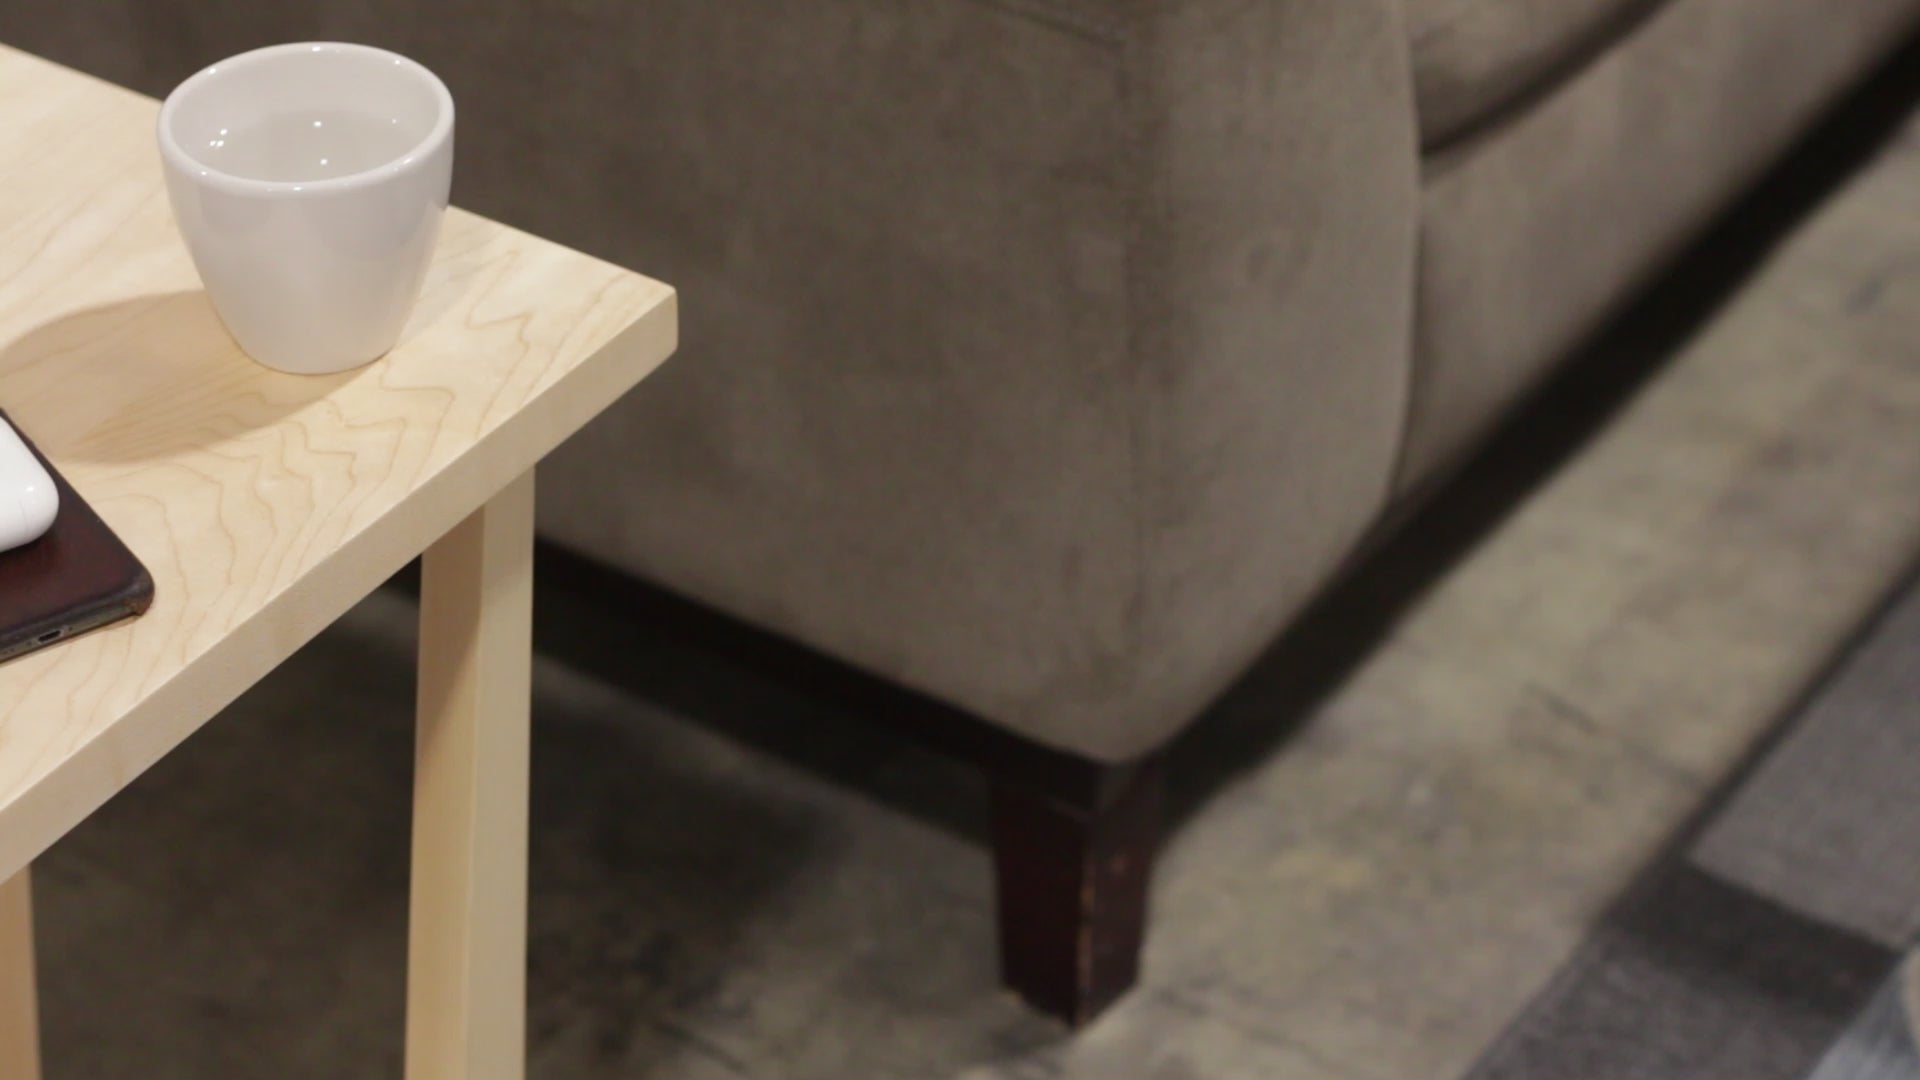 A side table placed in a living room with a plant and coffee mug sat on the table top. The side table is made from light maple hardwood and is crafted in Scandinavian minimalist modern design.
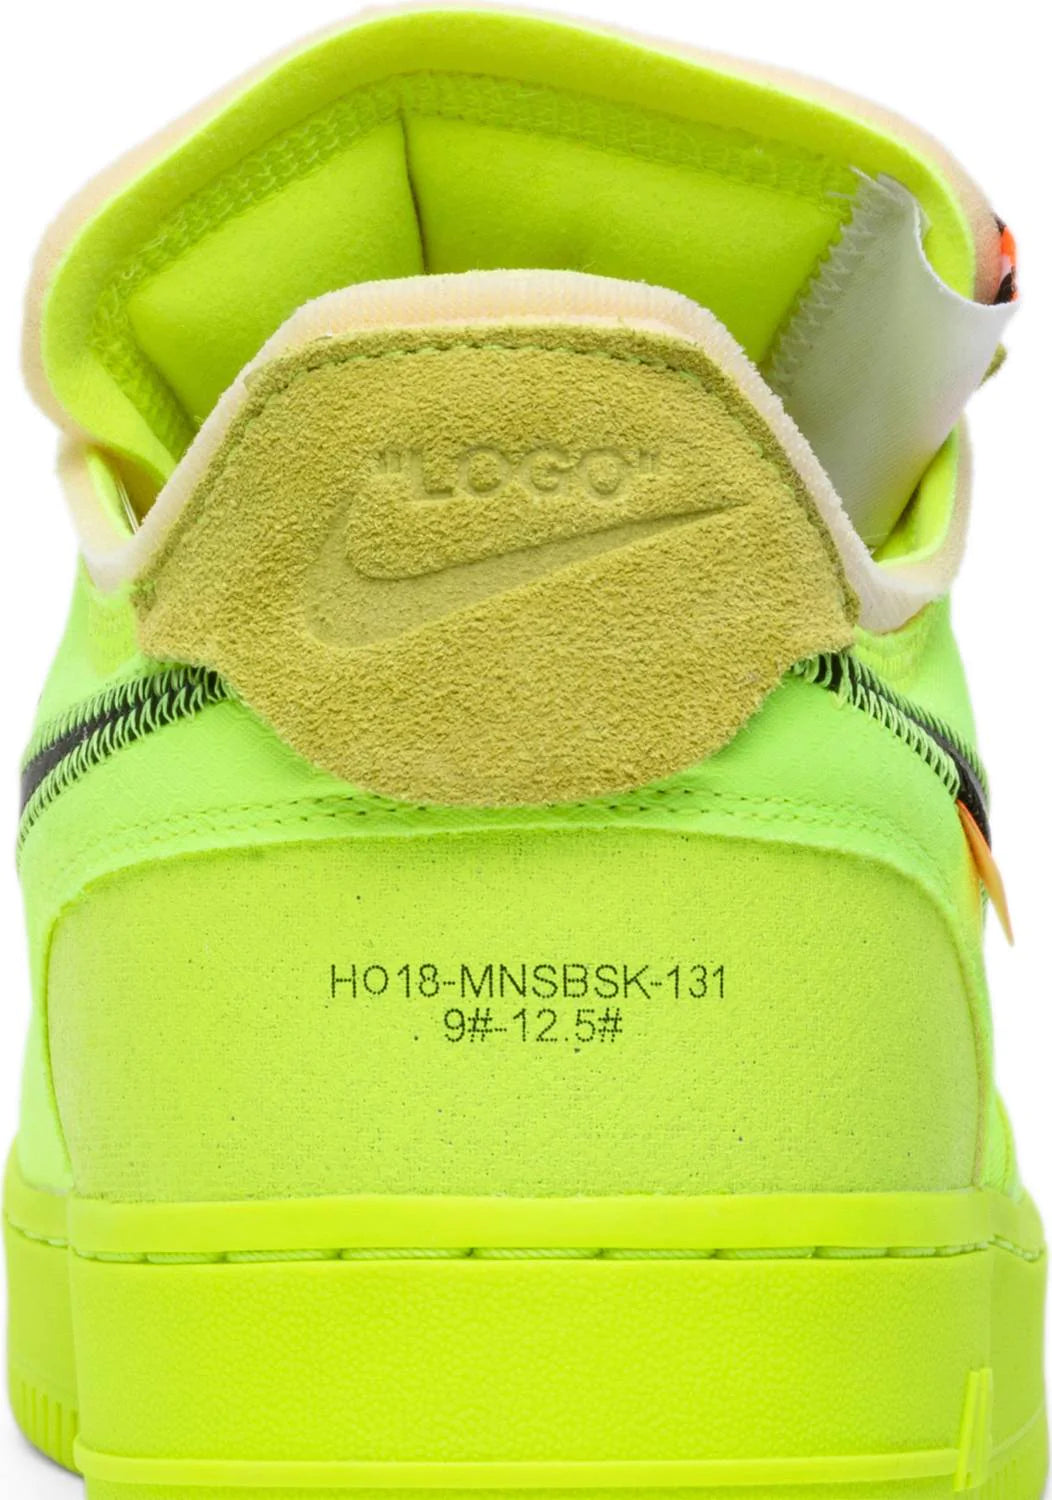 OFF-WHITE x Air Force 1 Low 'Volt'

═══

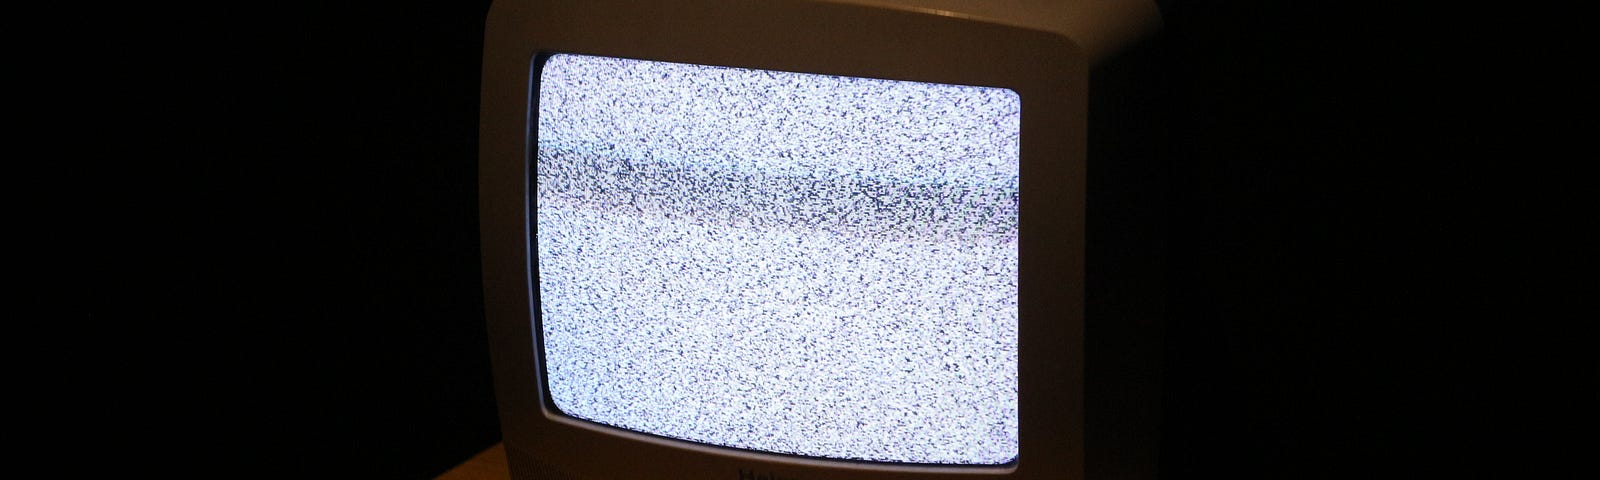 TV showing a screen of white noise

═══

- GOAL OF THE EXERCISE -
Beginning with the line that contains "A side table" and ending with the line that contains "OFF-WHITE x Air Force 1 Low 'Volt'", reproduce the listing exactly, pictures excluded.

- WRITTEN ANSWER -
 A side table placed in a living room with a plant and coffee mug sat on the table top. The side table is made from light maple hardwood and is crafted in Scandinavian minimalist modern design.
 OFF-WHITE x Air Force 1 Low 'Volt'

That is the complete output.